The bailout won’t solve the crisis. What it will do is stop the economy from grinding to a halt, as the effects begin to be felt as they reverberate through the system. Obviously, there will need to be revisions to the regulations, to keep the market from repeating the same mistakes that put us into the current situation. The point is to ensure that those actually deserving of credit receive it.
Thus the contradiction. This bailout is exactly what people fear–it is the taxpayer paying for the greed of some of those on Wall Street. Unfortunately, it is necessary because a loss of confidence in these sectors will have extremely far-reaching negative effects, and trust needs to be restored now, or the problem will only be exacerbated.

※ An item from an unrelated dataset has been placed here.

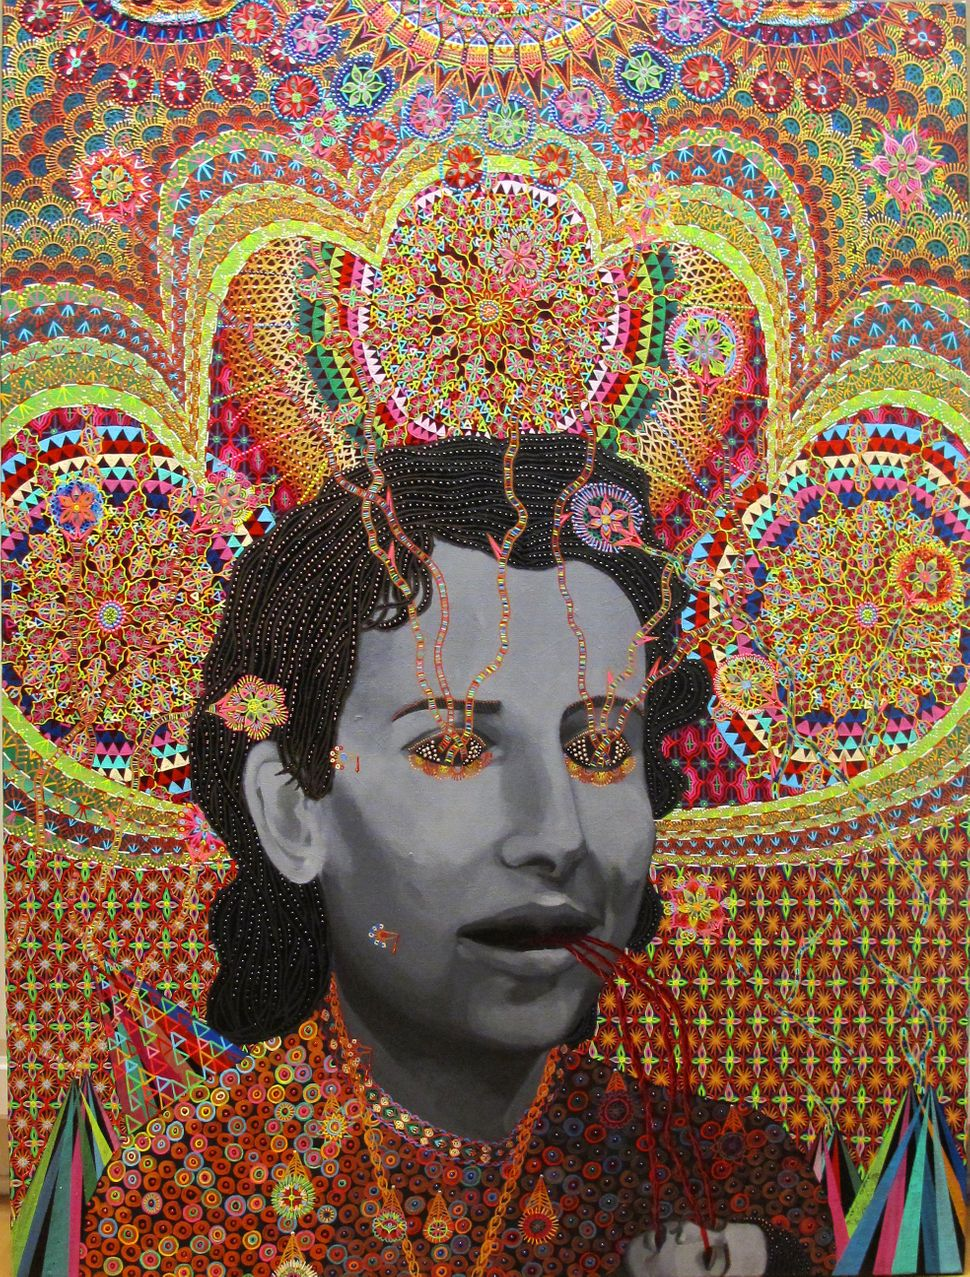 Les Femmes D'Alger #17, 48x36 inches, 2012
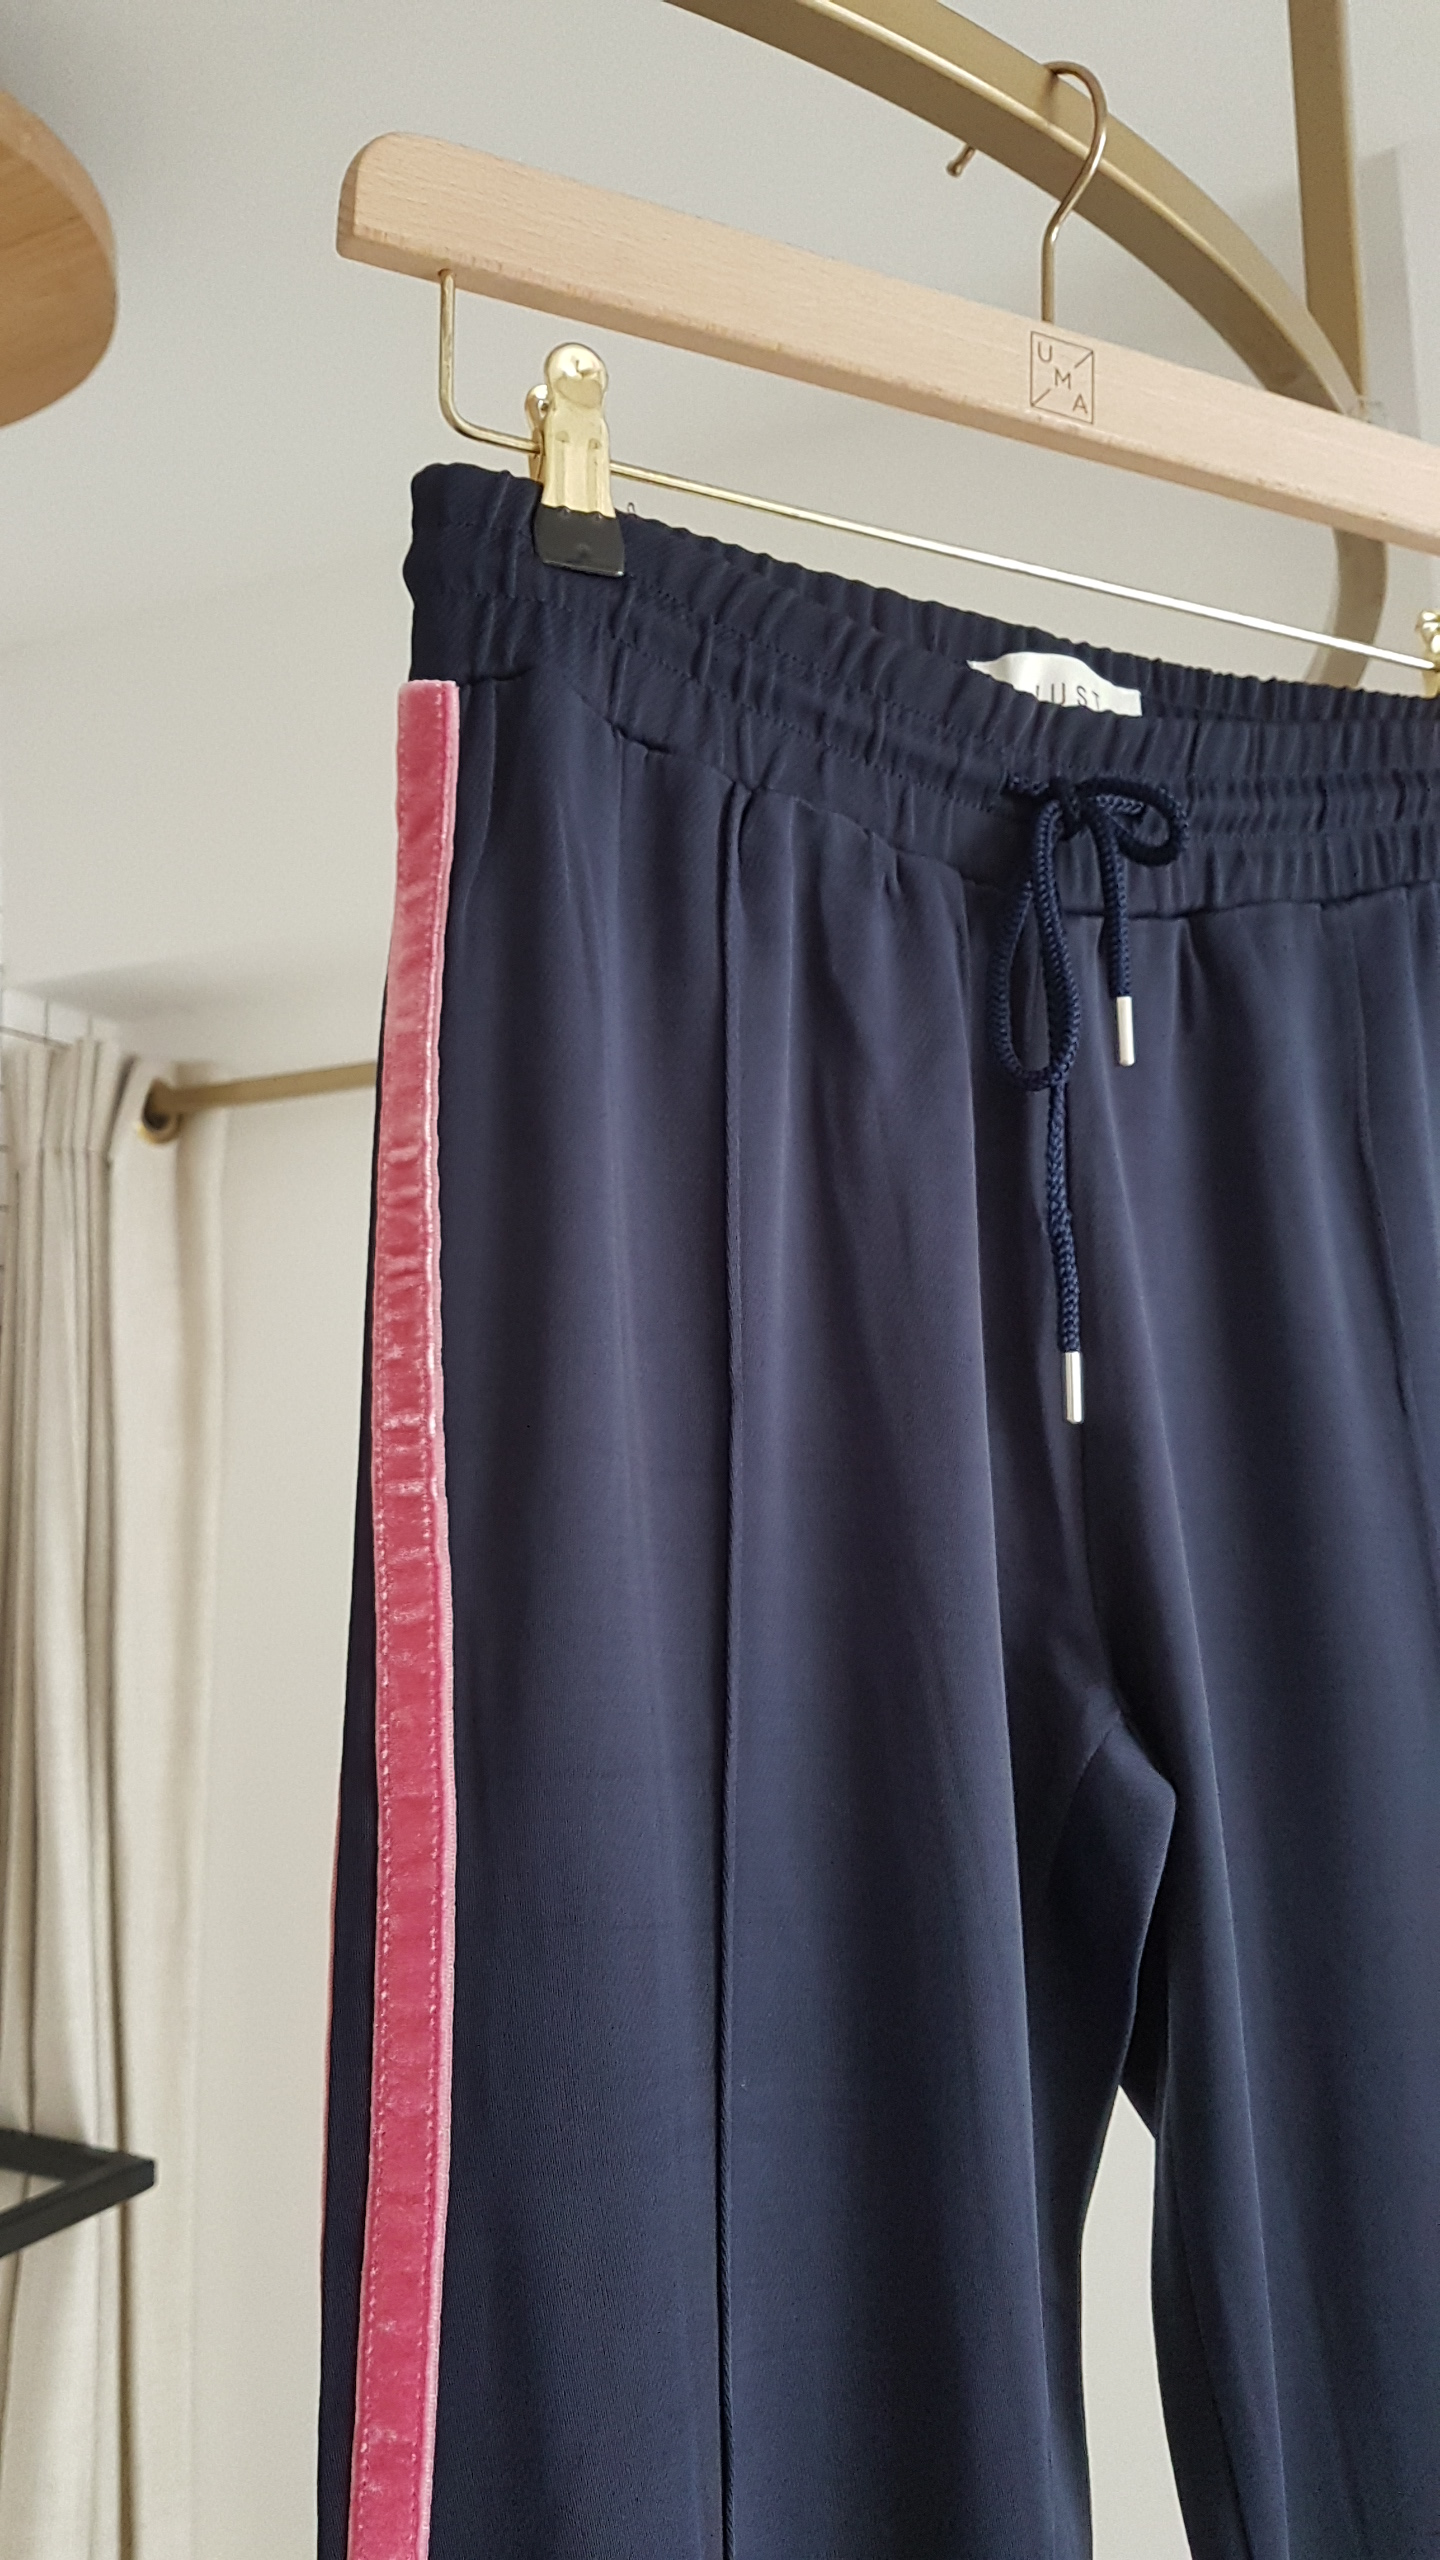 Harvey trousers

The “solution” of letting the system simply fail is far worse of an option, even if the alternative seems much worse in the short term. The effects of failure like this takes time to be felt, much like it took time during the Great Depression, which is why the public reaction is so strongly opposed to the bailout. If nothing is done, in several months’ time, people will be looking back, ruing the lost opportunity to truncate the bleeding, rather than just letting it all fail. Surely, these institutions need reform and change, but it is impossible to begin therapy when the patient is still in critcal condition on the operating table. We must first ensure that these vital systems remain alive before we attempt to rehabilitate them.
The one-day losses totaling near 800 points on the Dow, and the effects already felt in the automotive industry show how quickly a failure to pass a bailout can effect the system, and if the situation remains unchanged, it will simply get worse. A bailout, for all its flaws, is needed to prevent a complete collapse, and the longer the wait, the more trust will be shaken, and the more damage that will be done.


1 Comment
Nice official post. Pretty interesting mess we’ve gotten ourselves into. I was reading an article about how the plan was branded and if they had emphasized “rescue” into “bail-out” it may have been better received. Let’s hope it at least partially works… Don’t want to end up like Iceland.